* _AIM OF THE TASK_
Your output should be an exact copy of the records, with no pictures in it.

=-=-=

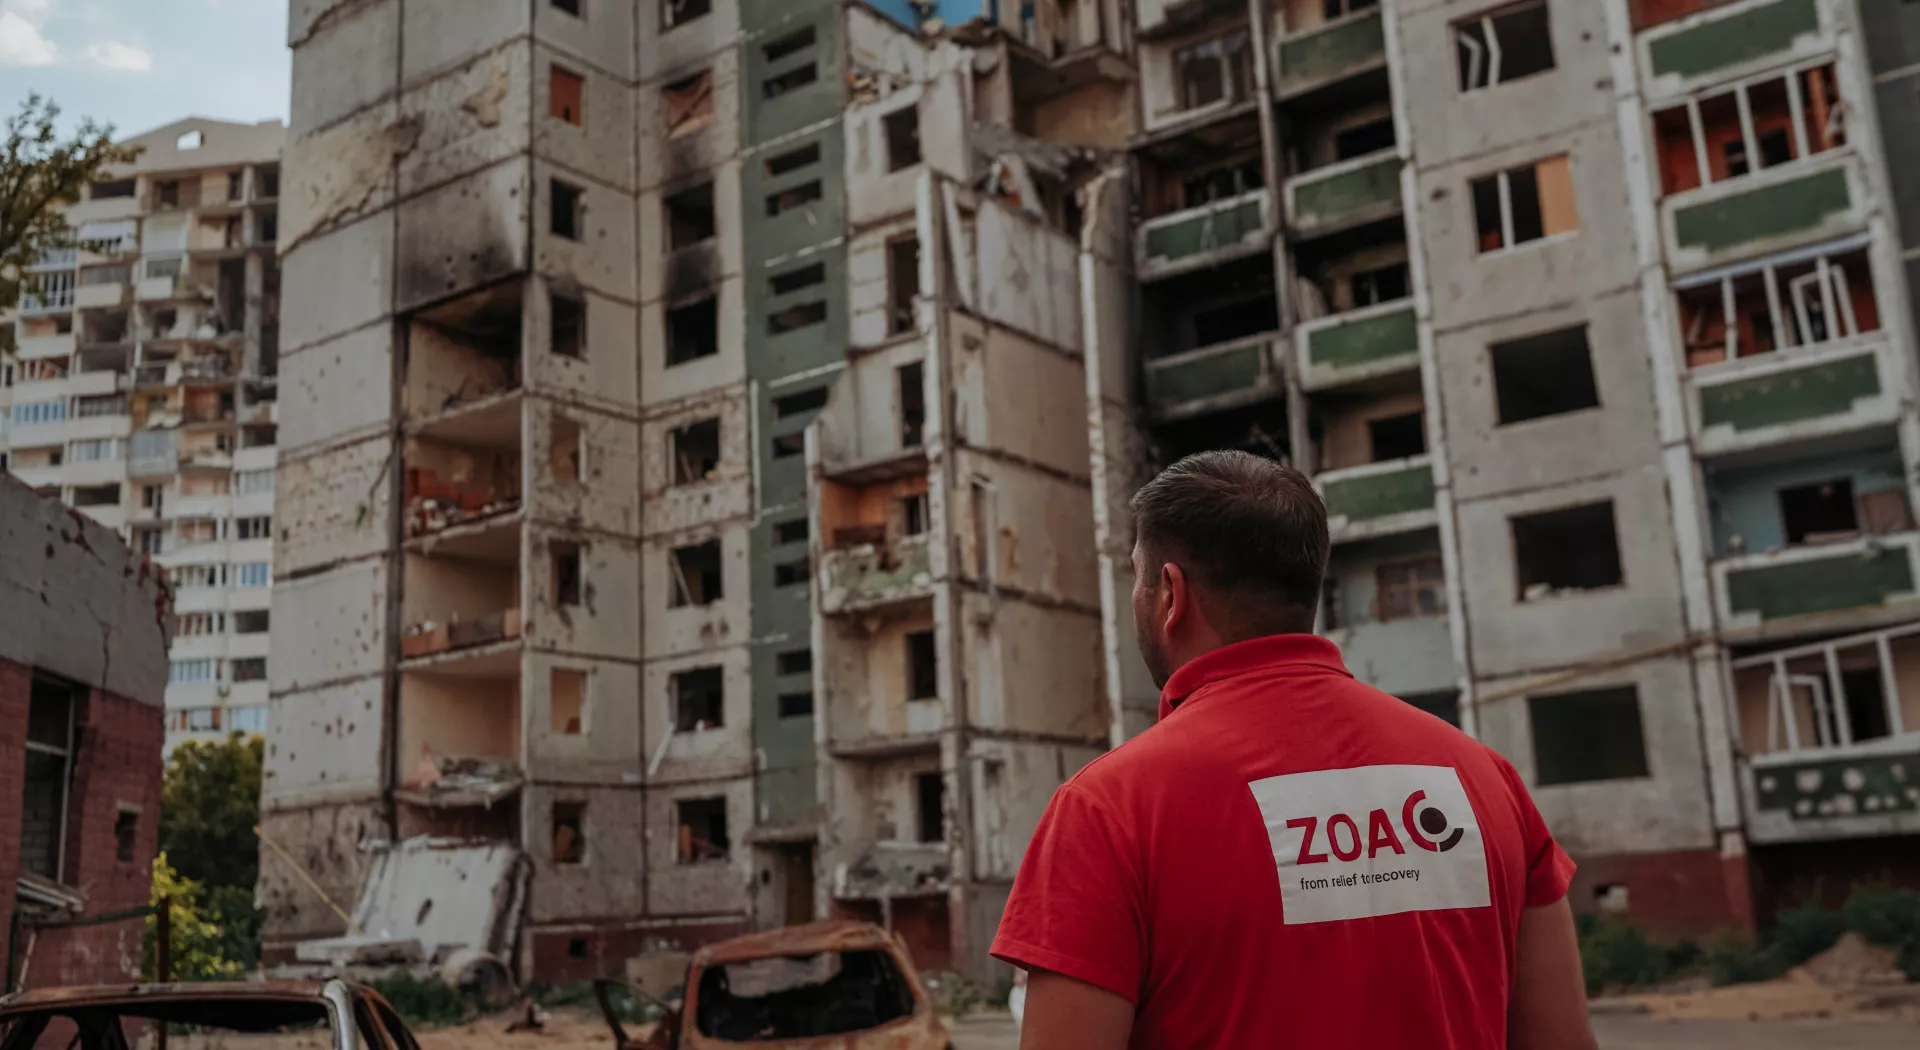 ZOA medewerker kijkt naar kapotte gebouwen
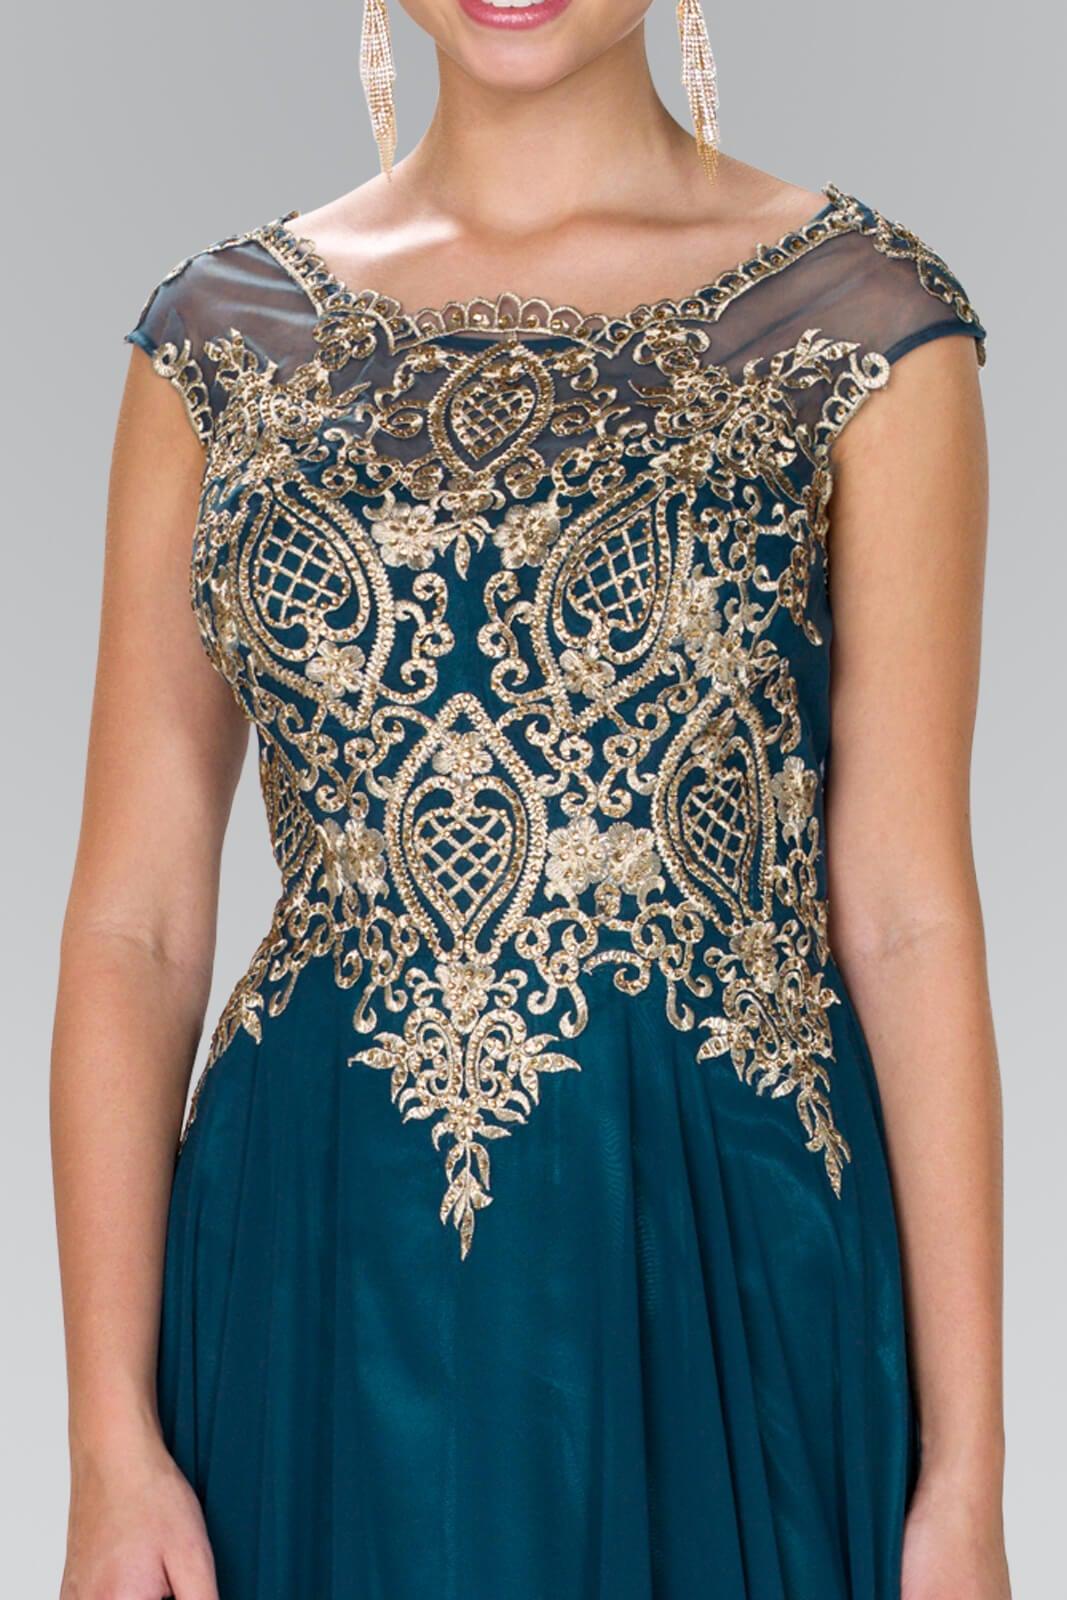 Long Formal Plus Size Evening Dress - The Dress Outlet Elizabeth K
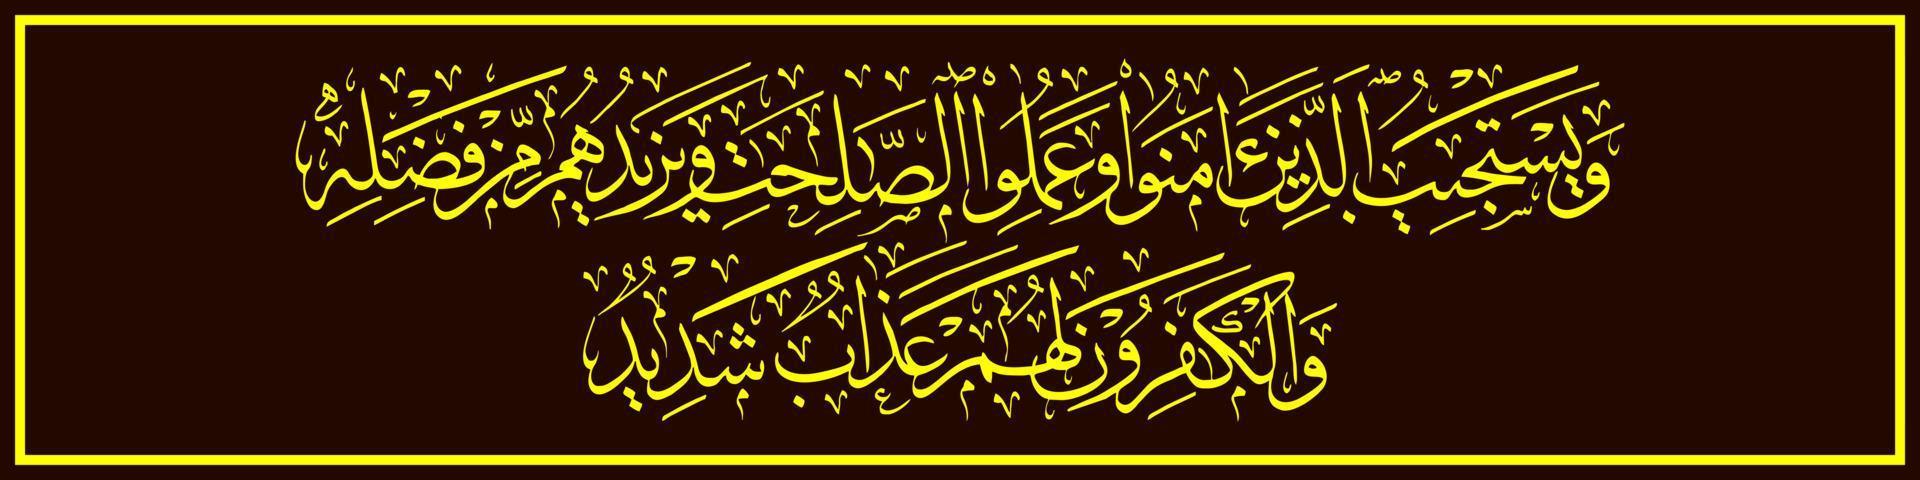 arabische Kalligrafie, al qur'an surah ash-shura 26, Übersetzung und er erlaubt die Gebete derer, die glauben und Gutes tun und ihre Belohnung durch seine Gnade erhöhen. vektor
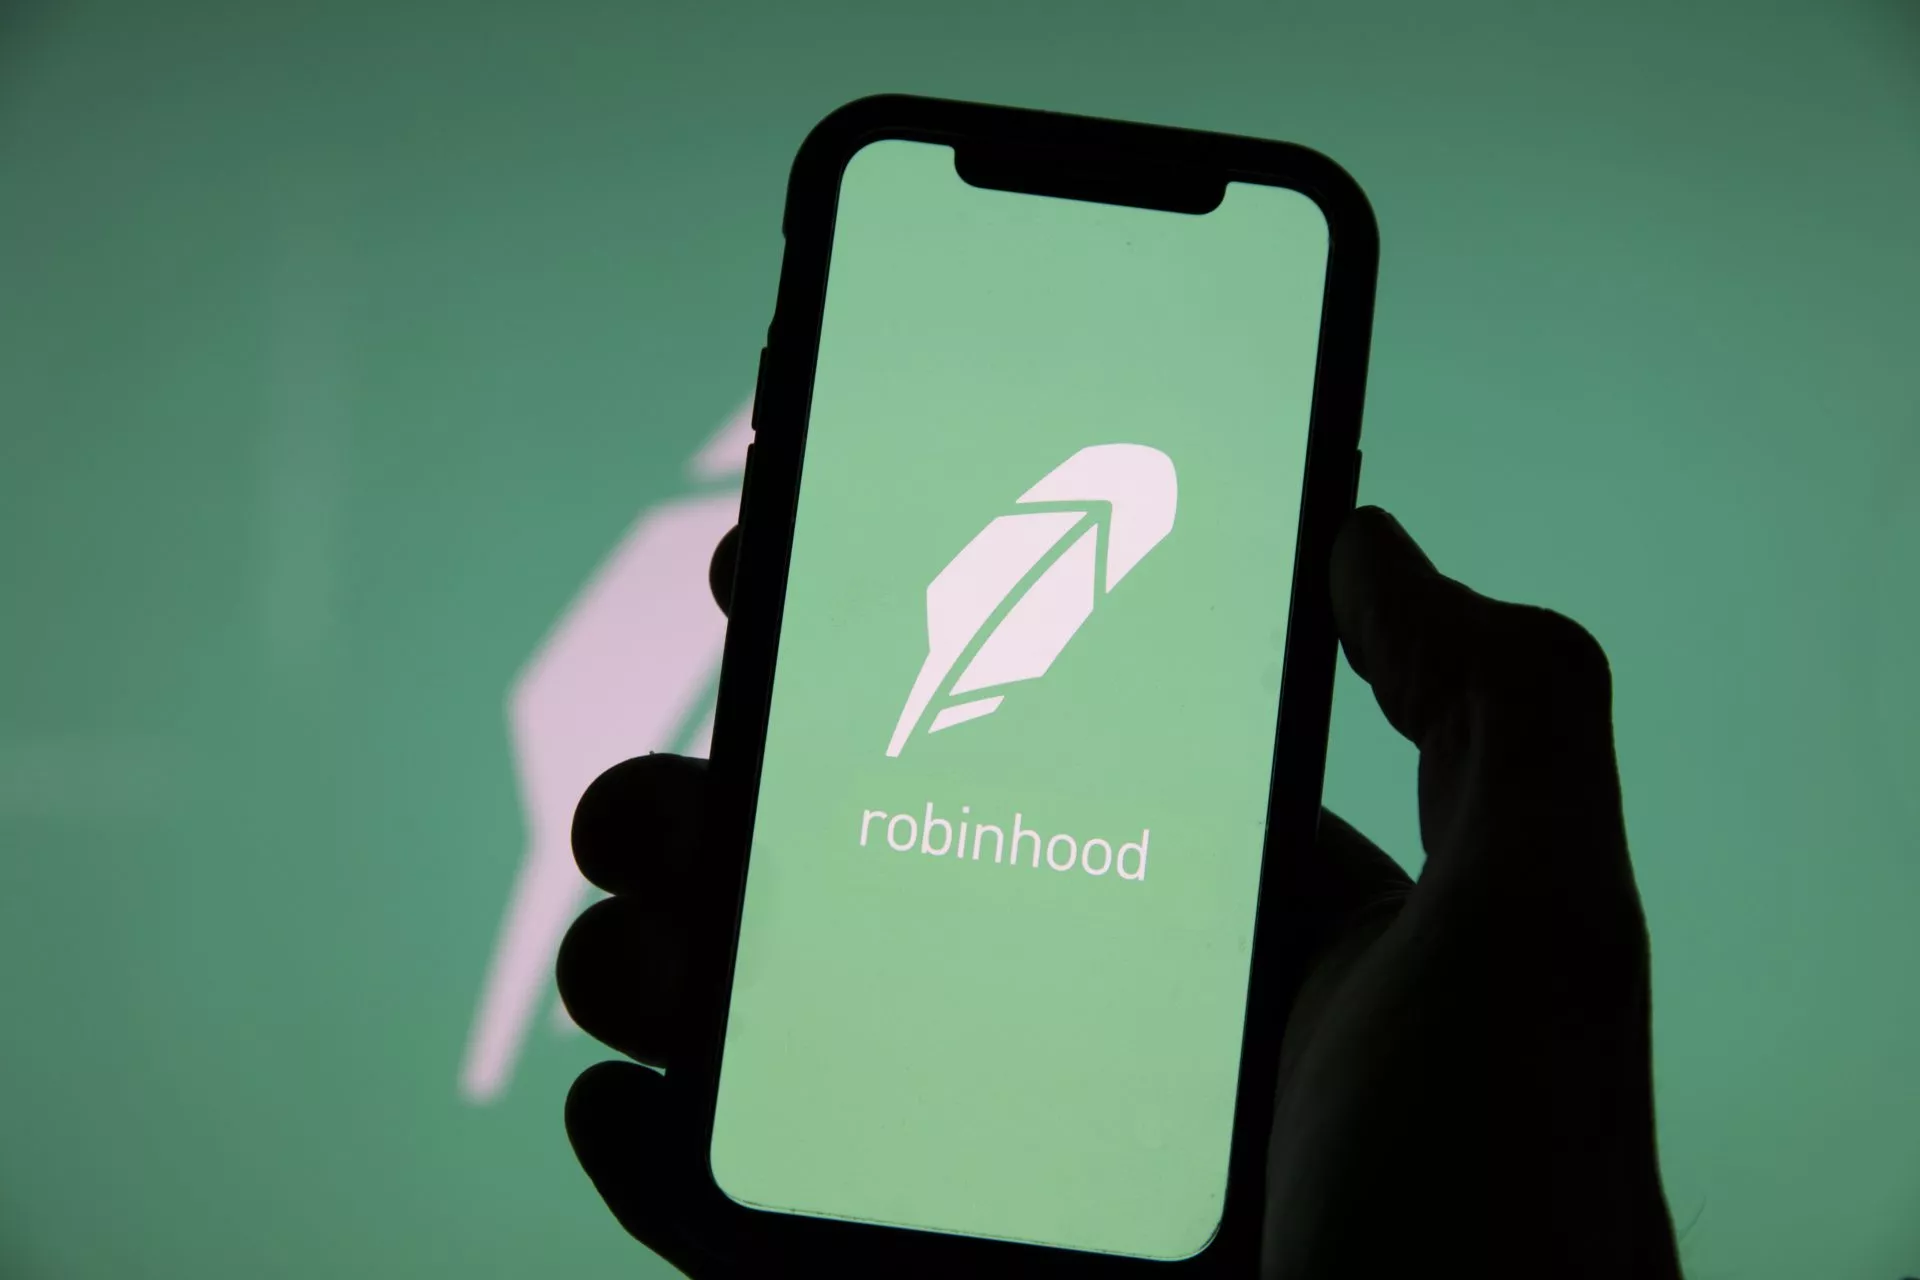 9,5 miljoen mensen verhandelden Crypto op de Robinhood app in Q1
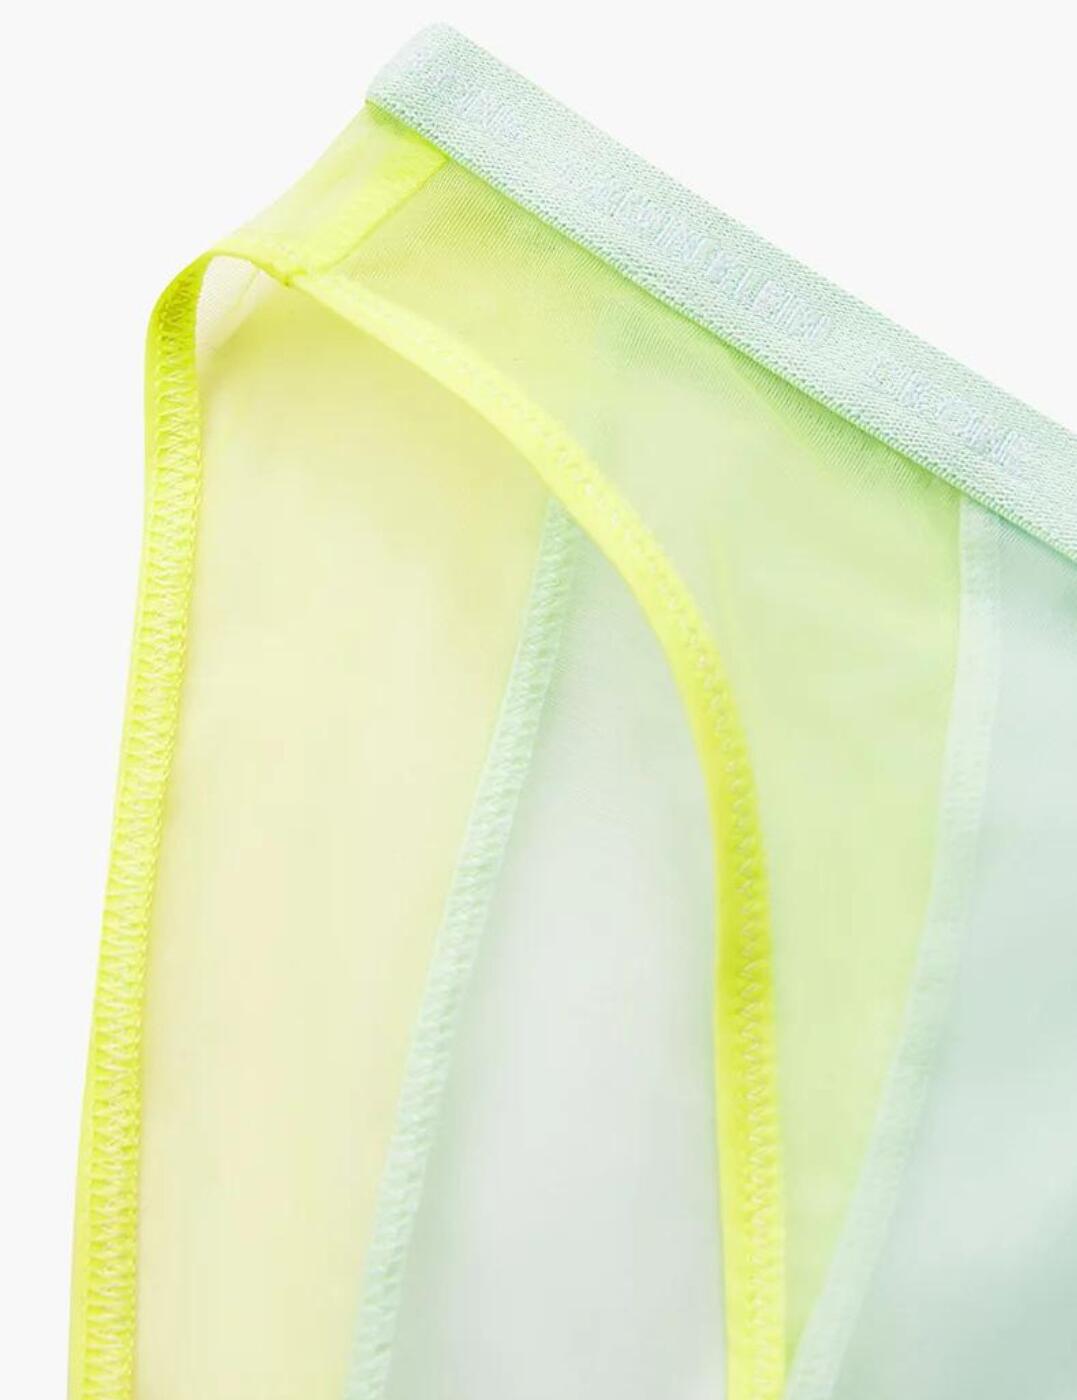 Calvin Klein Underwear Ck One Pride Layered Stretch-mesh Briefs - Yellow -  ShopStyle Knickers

=-=-=

* _WORKED SOLUTION_
 ZOA medewerker kijkt naar kapotte gebouwen
 Long Formal Plus Size Evening Dress - The Dress Outlet Elizabeth K
 arabische Kalligrafie, al qur'an surah ash-shura 26, Übersetzung und er erlaubt die Gebete derer, die glauben und Gutes tun und ihre Belohnung durch seine Gnade erhöhen. vektor
 9,5 miljoen mensen verhandelden Crypto op de Robinhood app in Q1
 Calvin Klein Underwear Ck One Pride Layered Stretch-mesh Briefs - Yellow -  ShopStyle Knickers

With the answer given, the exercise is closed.